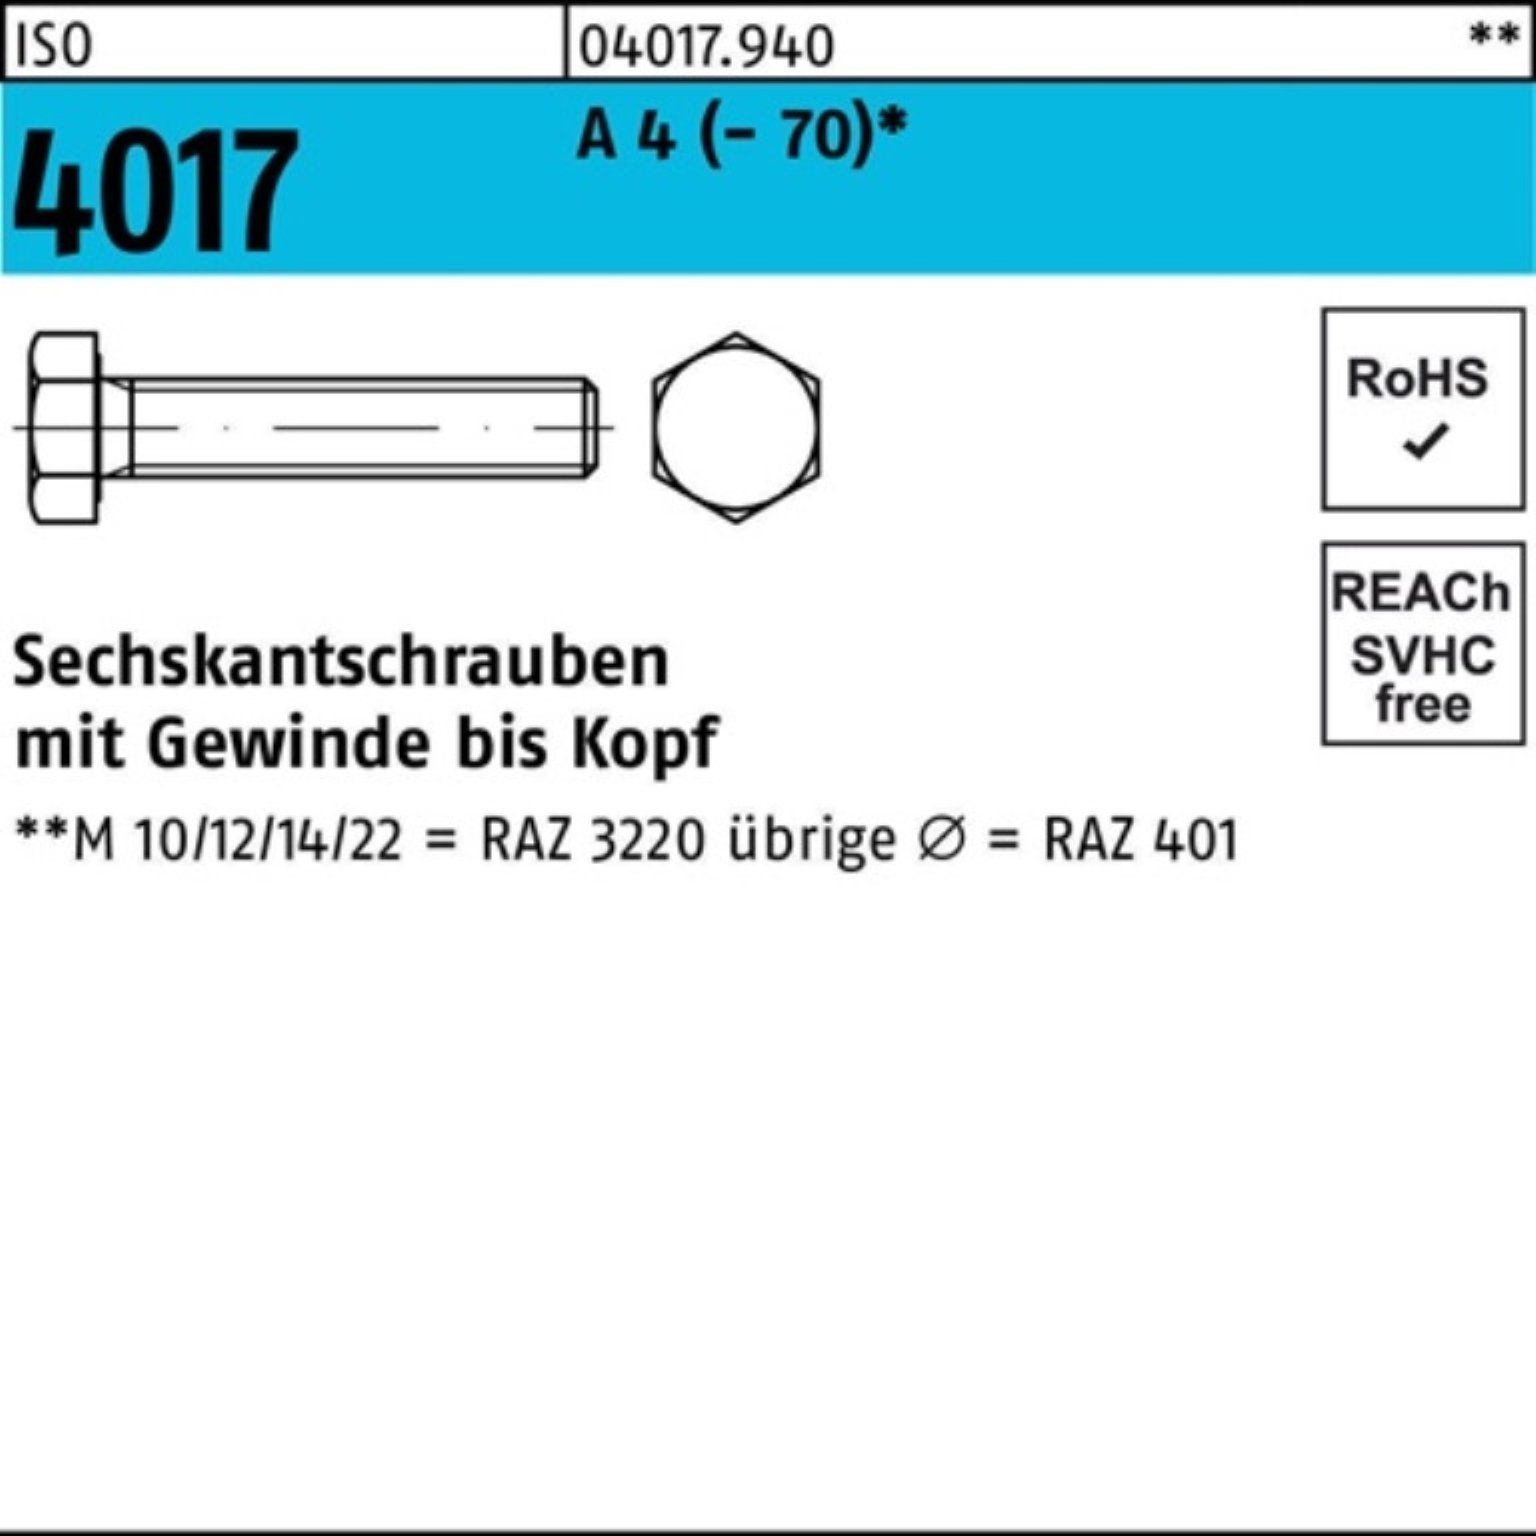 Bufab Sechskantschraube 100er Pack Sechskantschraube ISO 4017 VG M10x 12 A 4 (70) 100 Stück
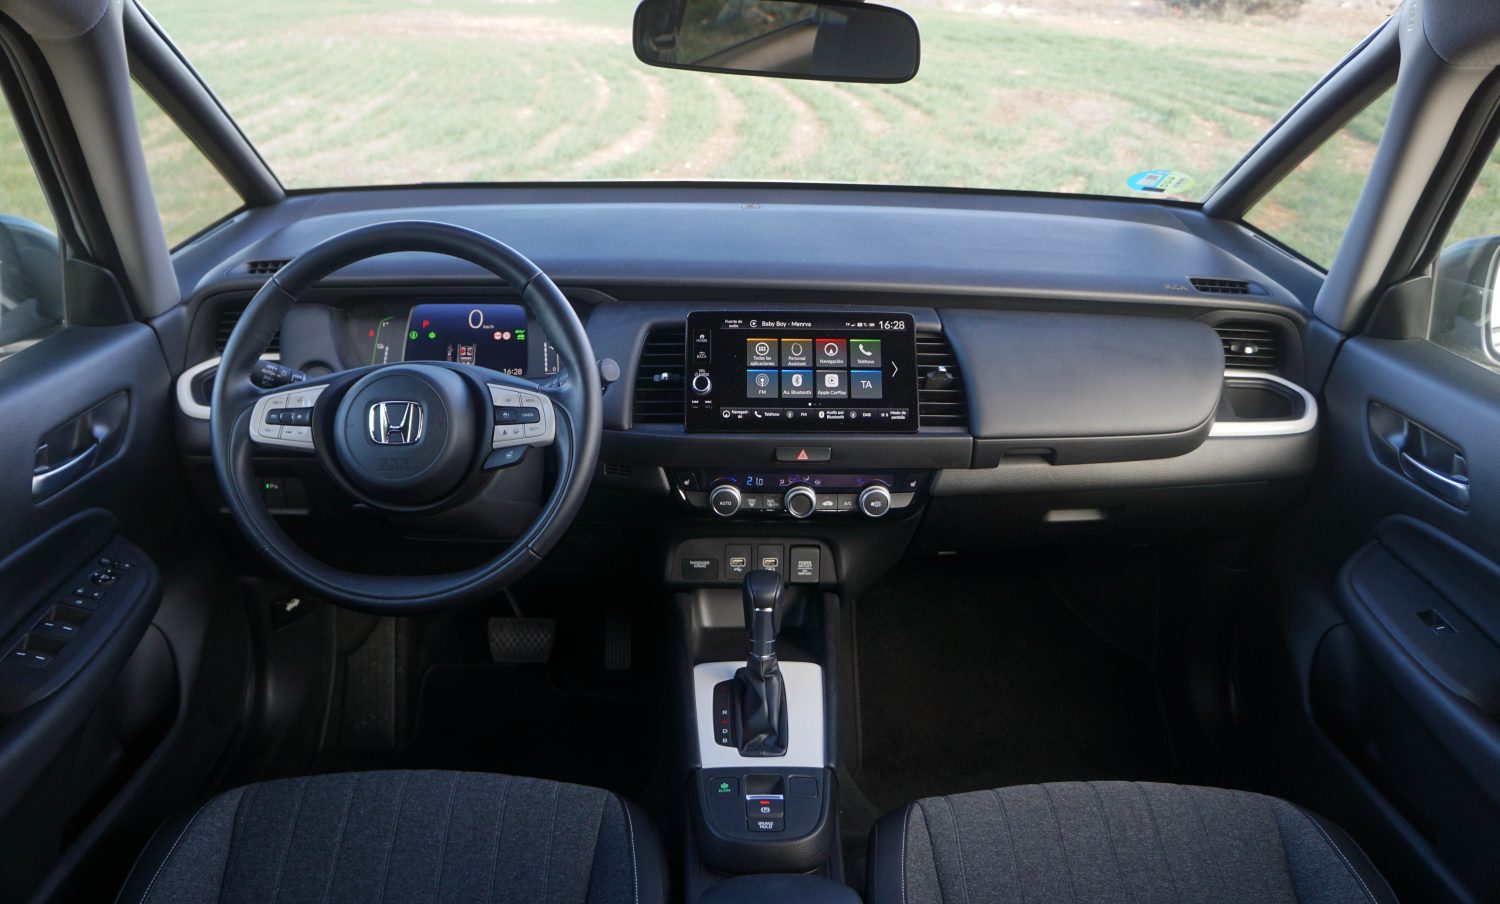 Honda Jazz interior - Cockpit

...

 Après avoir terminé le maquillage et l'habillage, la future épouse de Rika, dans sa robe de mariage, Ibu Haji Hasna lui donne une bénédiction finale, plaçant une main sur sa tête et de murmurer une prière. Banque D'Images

--

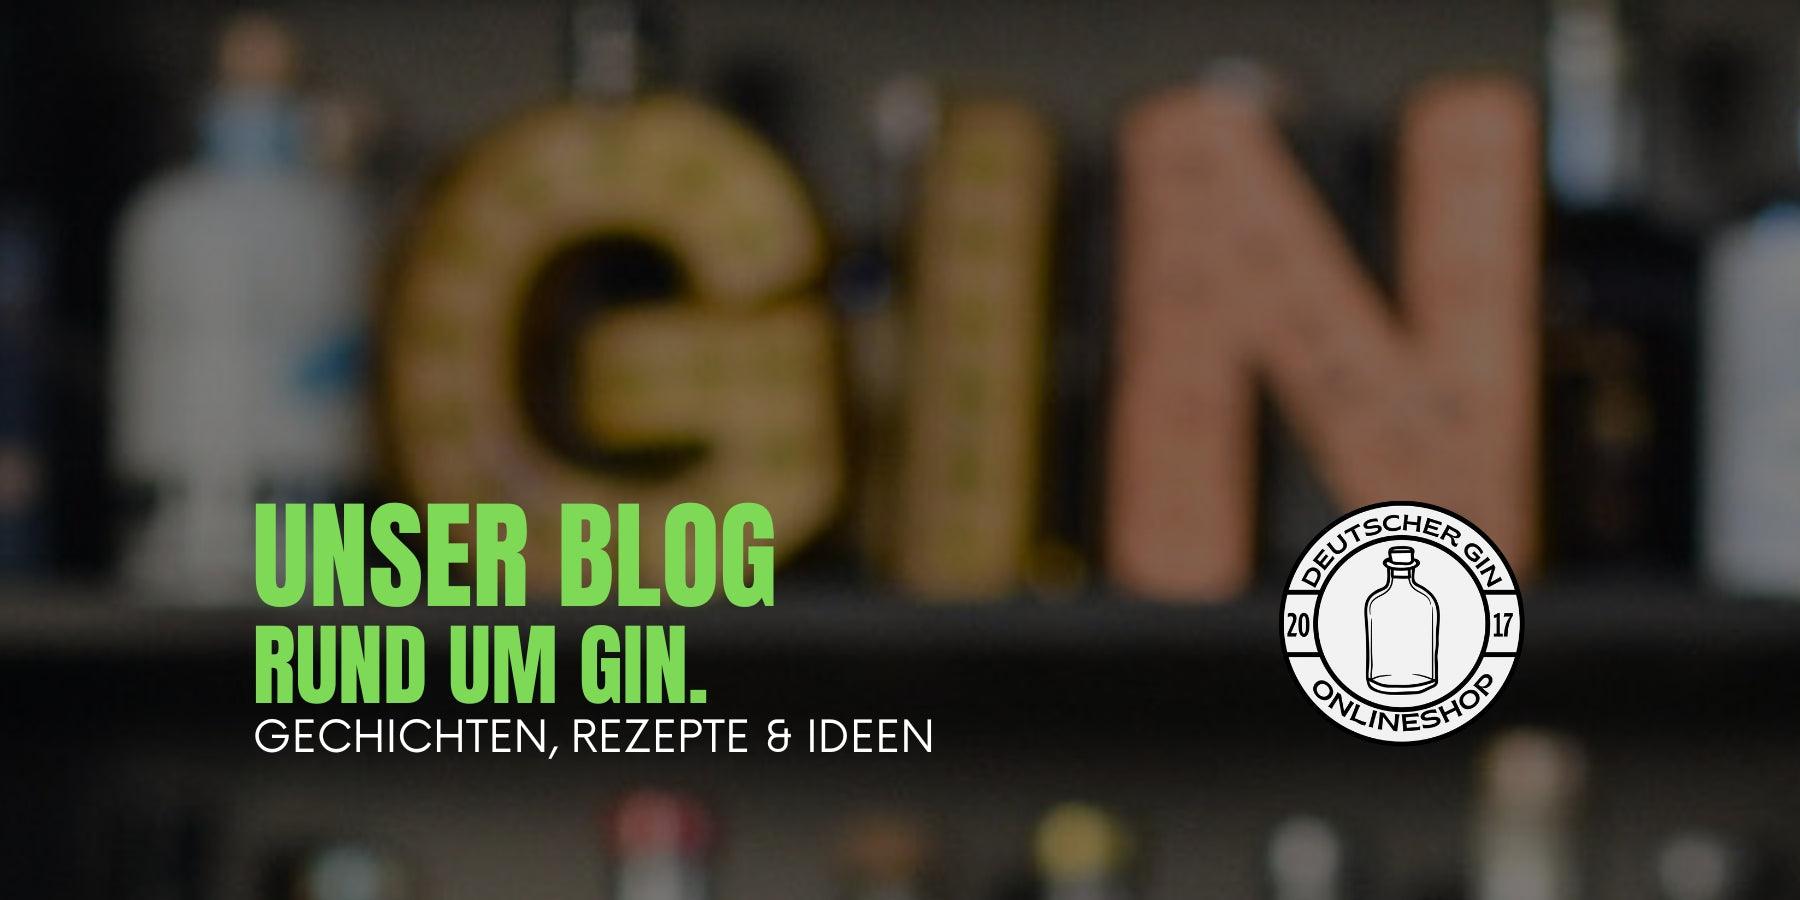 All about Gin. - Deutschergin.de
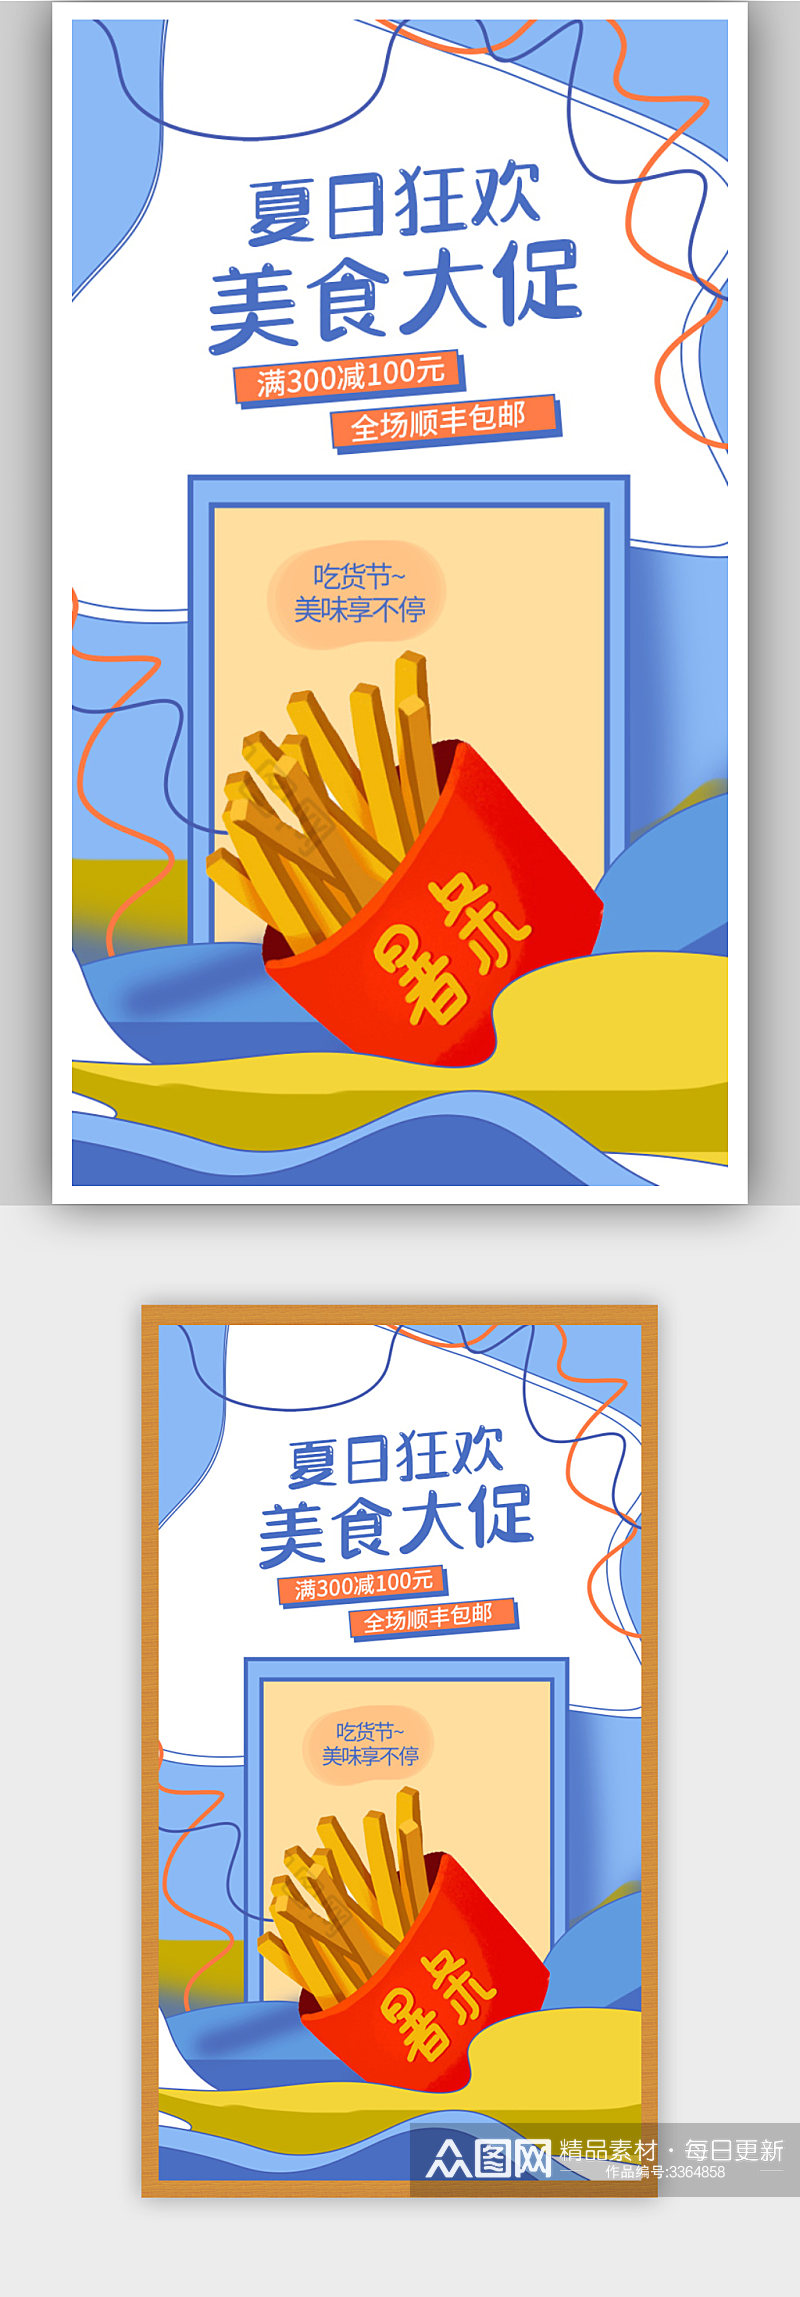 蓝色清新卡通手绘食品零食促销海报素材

**The task**
Of the lines above, quote exactly those from the one with "Bufab Sechskantschraube 100er" through the one with "Honda Jazz interior - Cockpit", ends included; pictures stay out.

**Task response**
 Bufab Sechskantschraube 100er Pack Sechskantschraube ISO 4017 VG M10x 12 A 4 (70) 100 Stück
 Honda Jazz interior - Cockpit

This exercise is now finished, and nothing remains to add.